## DATA SEGMENT

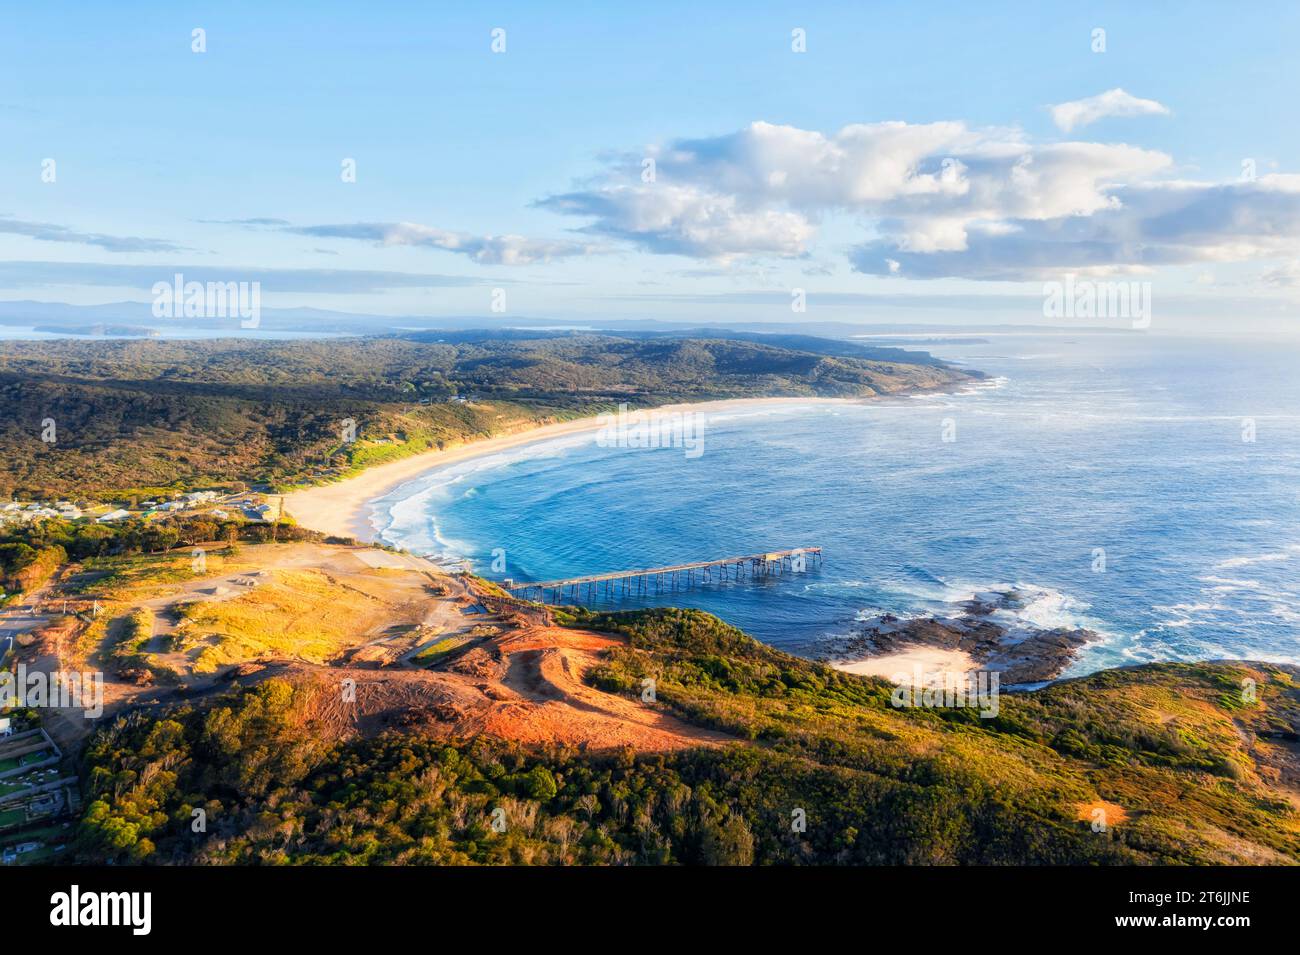 Scenic aerial landscape of Catherine hill bay coastal town in Australia on Pacific ocean. Stock Photo
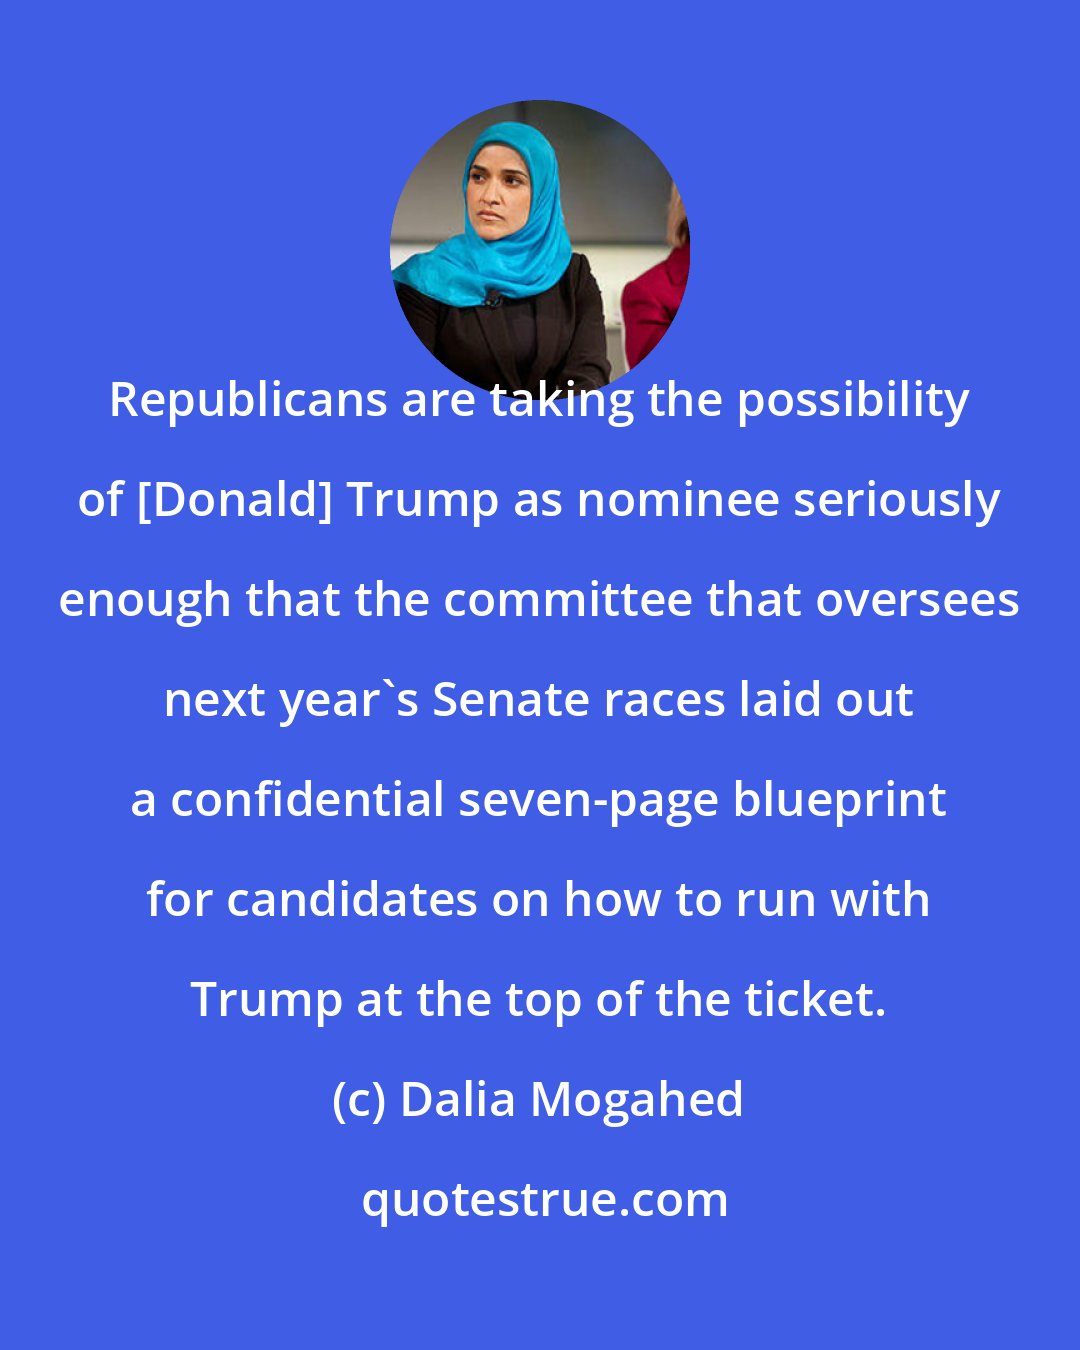 Dalia Mogahed: Republicans are taking the possibility of [Donald] Trump as nominee seriously enough that the committee that oversees next year's Senate races laid out a confidential seven-page blueprint for candidates on how to run with Trump at the top of the ticket.
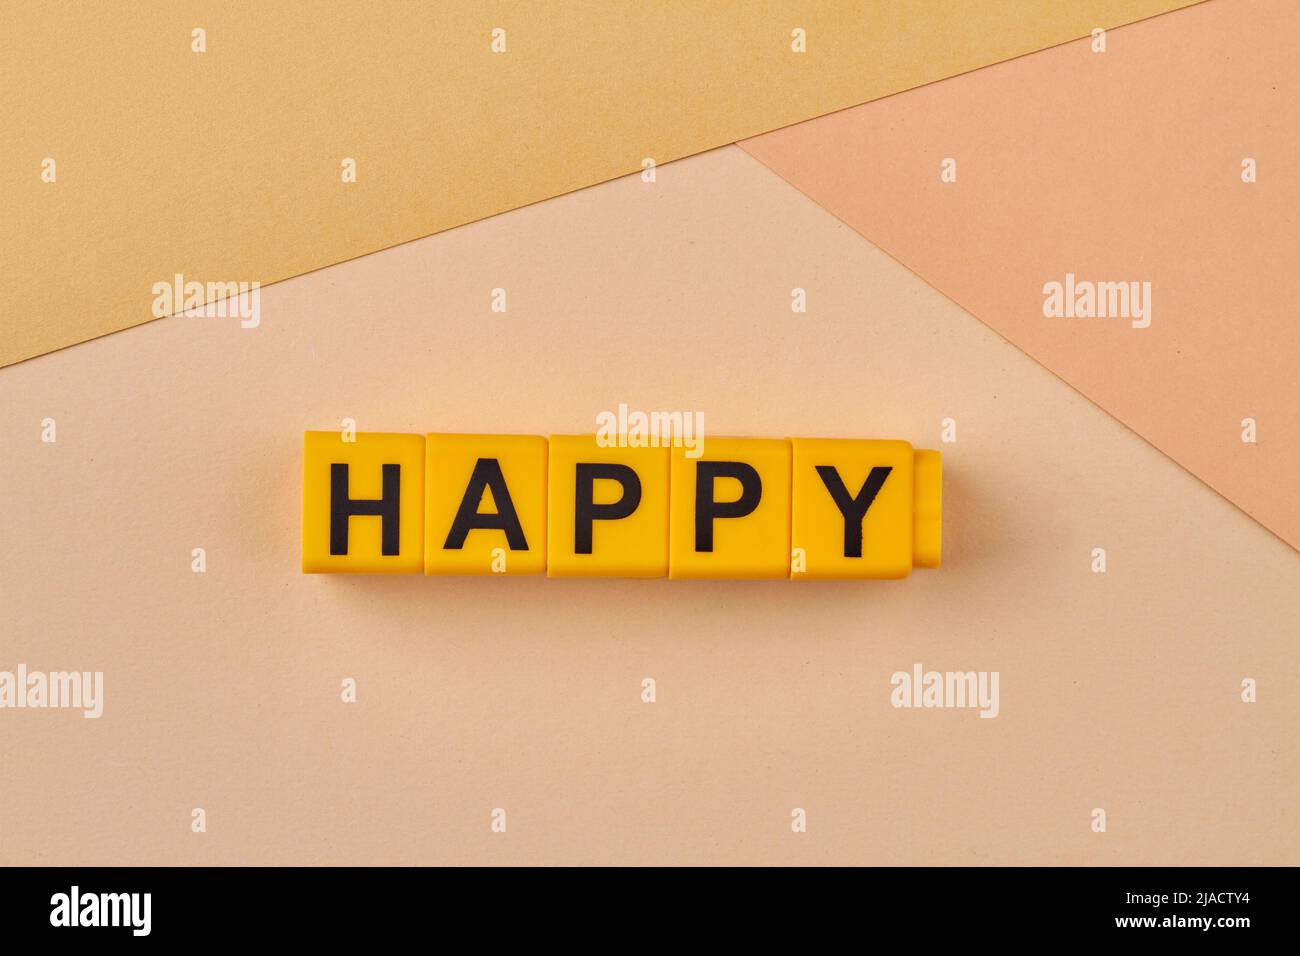 The word HAPPY written on yellow cubes close up. Feeling or showing pleasure or contentment. Fortunate and convenient. Stock Photo

## WORK INSTRUCTIONS
Take the line containing "Dalia Mogahed: Republicans" through the last line of the material and retype exactly those lines, both ends included, with no pictures.

## RESPONSE AREA
 Dalia Mogahed: Republicans are taking the possibility of [Donald] Trump as nominee seriously enough that the committee that oversees next year's Senate races laid out a confidential seven-page blueprint for candidates on how to run with Trump at the top of the ticket.
 The word HAPPY written on yellow cubes close up. Feeling or showing pleasure or contentment. Fortunate and convenient. Stock Photo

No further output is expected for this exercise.